A Beckman Coulter DU® 640 UV-VIS Spectrophotometer (California, USA), with 1.0 cm quartz cells, adjusted to 360 nm for nimodipine and 238 nm for spironolactone, was used to record the samples. Other experiments, such as linearity, precision, recovery and absence of interference, were also conducted in order to achieve analytical validation (data not shown).
The dissolution profiles were compared through a model-independent method: dissolution efficiency (DE). The DE was calculated from the area under the dissolution curve versus time, calculated by means of the trapezoidal rule and expressed as a percentage of the rectangular area described by 100% dissolution in the same time. The results of DE were compared by means of ANOVA (analysis of variance) and were evaluated by interaction plot, using Minitab® 15 statistical software to analyze the relationship between the DE values of the physical mixture and granules, and the concentration of sodium dodecyl sulfate, as well as the presence or absence of croscarmellose sodium.
RESULTS AND DISCUSSION
According to Figure 1A, nimodipine tablets obtained from physical mixtures (PM1, PM2, PM3 and PM4) did not present adequate dissolution profiles for immediate-release tablets. Drug release from formulations PM1, PM2 and PM3 was less than 40.0% within 60 minutes, while formulation PM4 released more than 80.0% of the drug over the same timeframe, probably as a result of the addition of 2.0% sodium dodecyl sulfate, which increased powder wettability (Vogt et al. 2008b).
The addition of a disintegrant to some formulations (PM5, PM6, PM7 and PM8), Figure 1B, led to an increase in the percentage of nimodipine dissolved, more than 85.0% within 60 minutes. But the dissolution profiles show that drug release from tablets obtained from physical mixtures containing the disintegrant are no faster than from tablets obtained from granules obtained by spraying the dispersed drug in the fluid bed equipment (Fig. 1B and Fig. 1D).

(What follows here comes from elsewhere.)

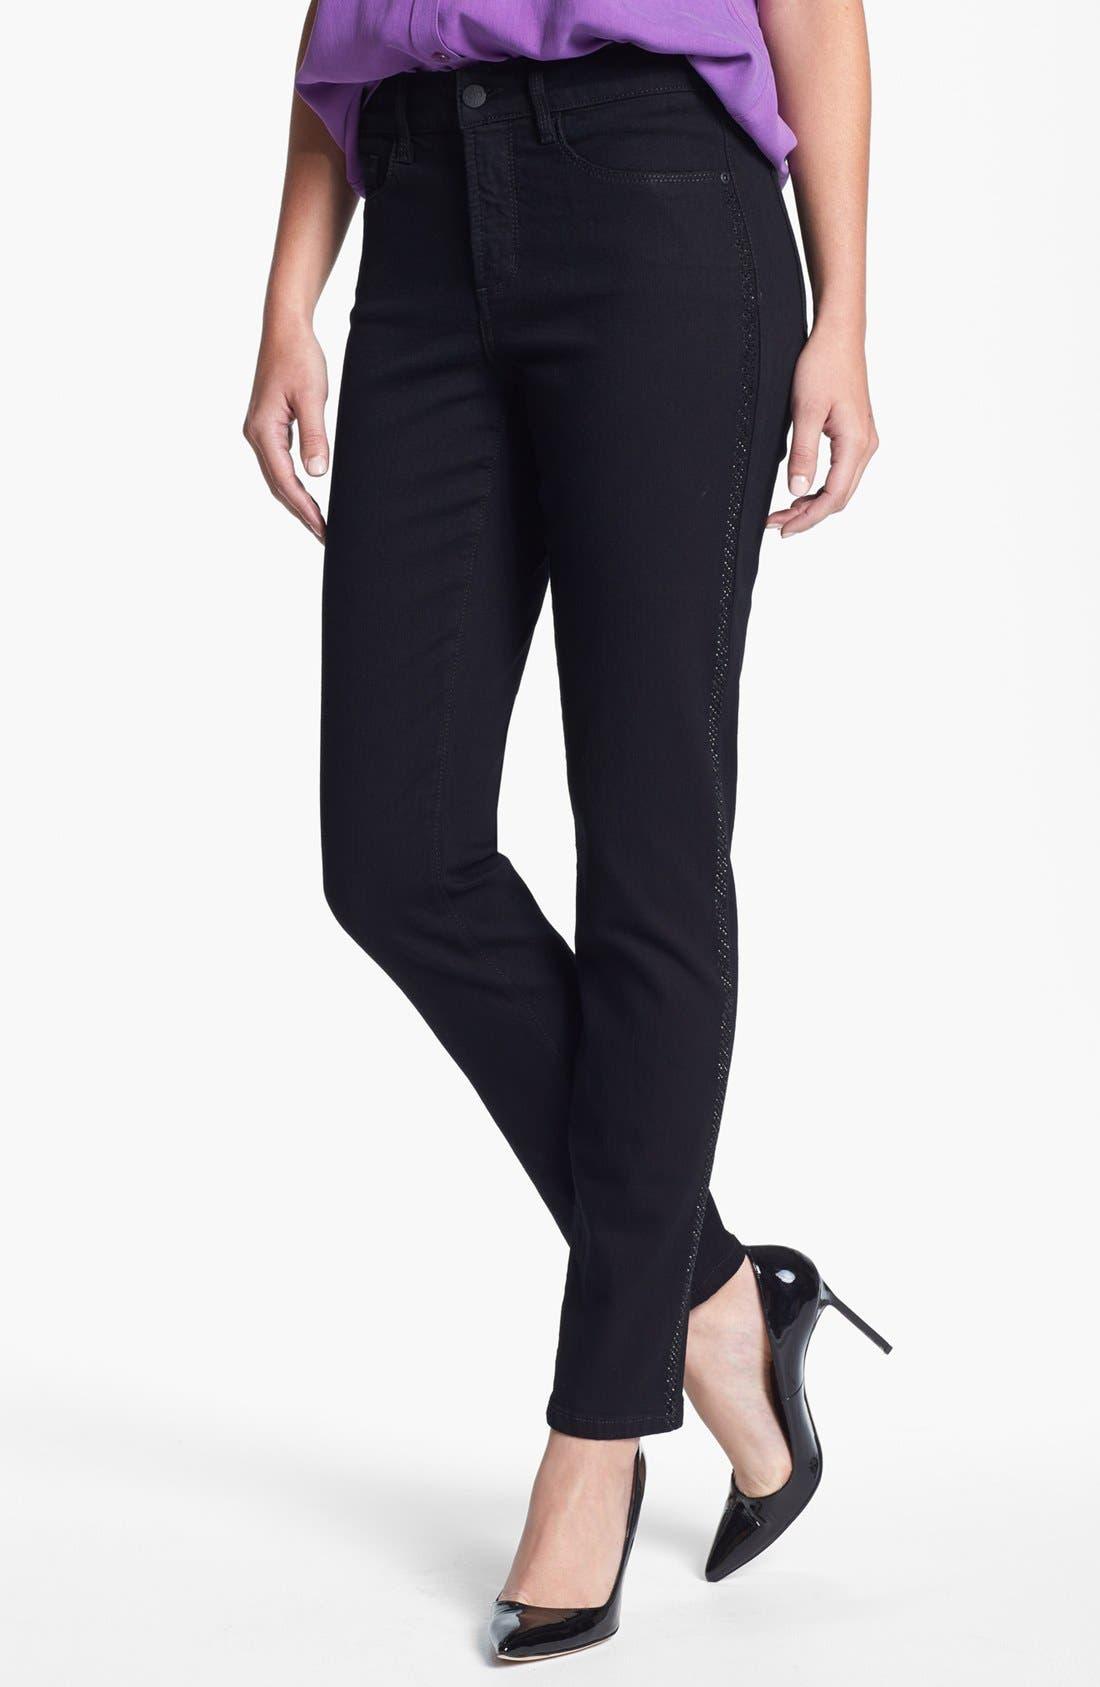 Main Image - NYDJ 'Alina' Embellished Trim Stretch Skinny Jeans (Black)

Spironolactone tablet formulations obtained from physical mixtures (PM1, PM2, PM5 and PM6), both with and without the excipient croscarmellose sodium, presented similar behavior. On the other hand, the dissolution profiles of spironolactone formulations PM3 and PM4 versus PM7 and PM8, were different, as they exhibited a faster rate of drug release (as observed for PM7 and PM8 over the first 30 minutes) than can be explained by the use of 1.0% croscarmellose sodium alone. For all of these formulations, the release of spironolactone improved according to the amount of surfactant added, but drug release for the tablets obtained from physical mixtures was never greater than 65.0% within 90 minutes.

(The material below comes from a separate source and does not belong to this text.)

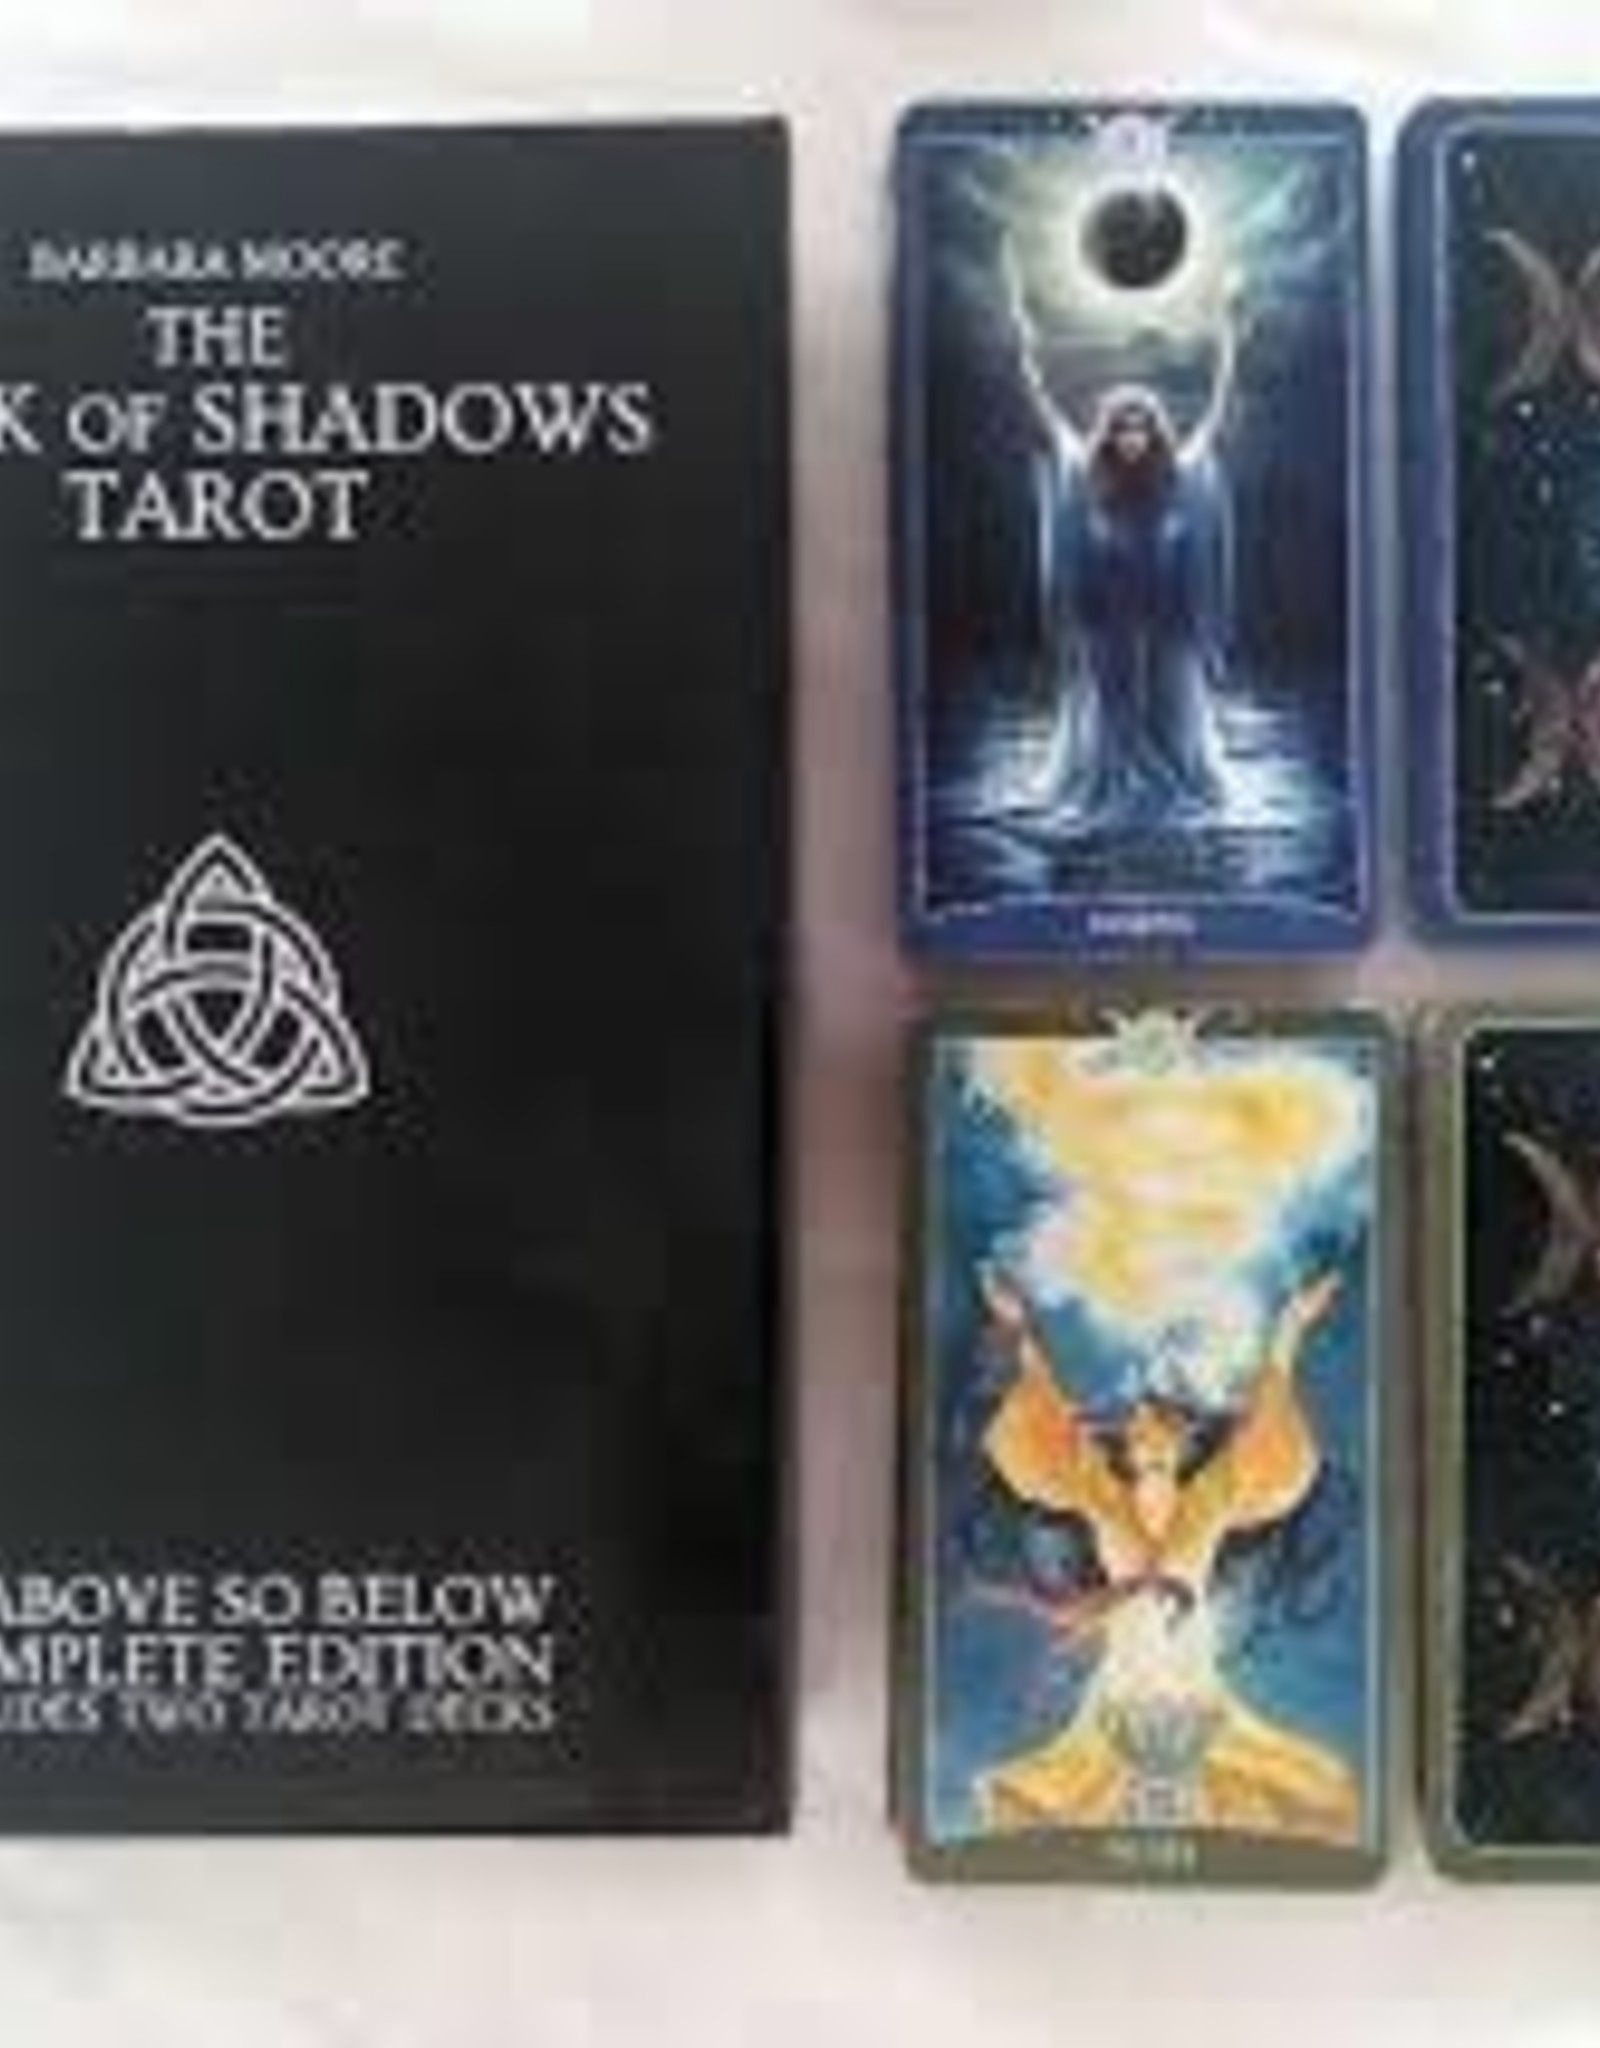 Deck Kit - The Book of Shadows Tarot LLW

For spironolactone, the fluid bed process created granules which were made into tablets with significantly better dissolution profiles (more than 80.0% of the drug was dissolved) than the dissolution performance of the tablets obtained from physical mixtures, notwithstanding the presence of sodium dodecyl sulfate.
Upon analyzing the formulations containing fluid bed material processed (G1 versus G5, G2 versus G6, G3 versus G7 and G4 versus G8) for nimodipine and spironolactone (Fig. 1 and 2), the dissolution profiles were observed to be very similar, but they had faster and higher drug release rates than tablets obtained from physical mixtures (PM1 to PM 8). Within 15 minutes, at least 60% of all of them had dissolved, notwithstanding the use of croscarmellose sodium or sodium dodecyl sulfate.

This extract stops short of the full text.